Link Search Menu Expand Document

In this lab we will study and improve a Lexer and Parser for the Tiger language. We will also write an AST Iterator that evaluates simple integer Tiger expressions.

We will start from a compiler skeleton built by your teachers.

Import the example code

Retrieve the lab code and commit it to your git with the following commands in the subdirectory lab2 at the root of your git repository.

Execute the following commands at the top of your repository:

$ mkdir lab2
$ cd lab2
$ wget -qO- www.sifflez.org/lectures/compil/lab2/dragon-tiger.tar.gz | tar zxv
$ git add dragon-tiger
$ git commit -m "Import dragon-tiger for lab2" dragon-tiger

Look around

The sources in dragon-tiger are organized this way:

  • src/ast contains the definition of the tree. In nodes.hh you can see all the nodes declaration. You should not alter this file.
  • src/parser contains the lexer (tiger_lexer.ll) for use with the lex/flex lexer generator, and the parser (tiger_parser.yy) for the yacc/bison parser generator.
  • src/driver contains the main program in driver.cc.
  • src/utils contains some utility classes to deal with errors.

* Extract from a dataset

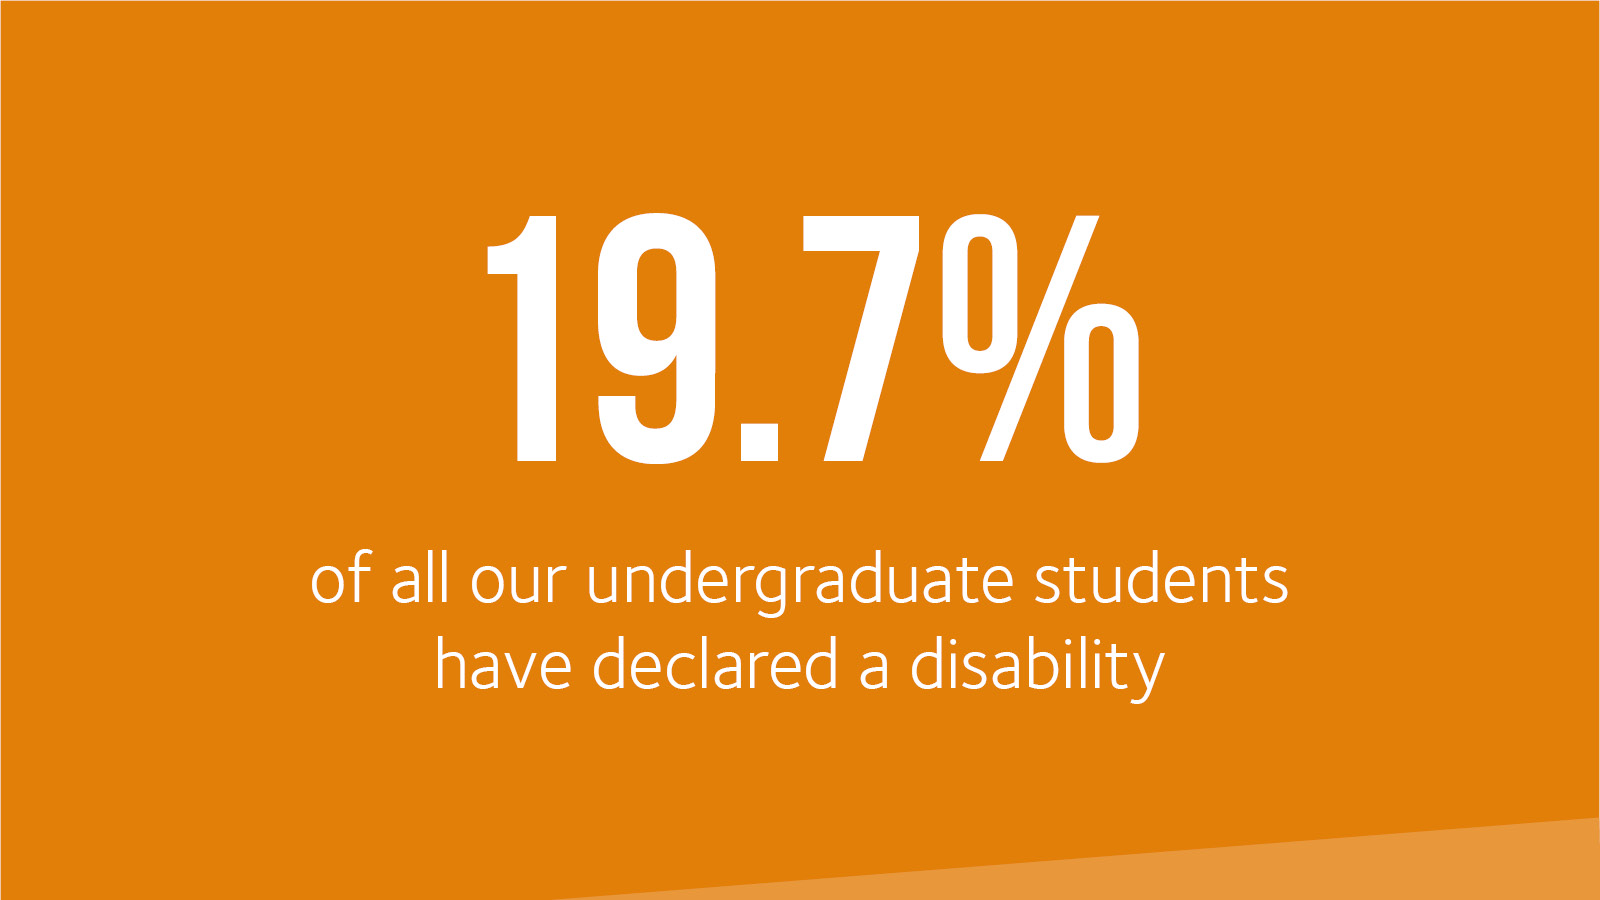 19.7% of undergraduates have declared a disability

If needed, flex documentation is located here and bison documentation can be found here, but the existing code should be self-explanatory and reading it should be enough to implement the requested features.

The AST nodes

The AST contains nodes derived from the Node class. There are two kind of nodes, which derive directly from this top-level Node class: Expr represents any form of Tiger expressions, while Decl represents declarations.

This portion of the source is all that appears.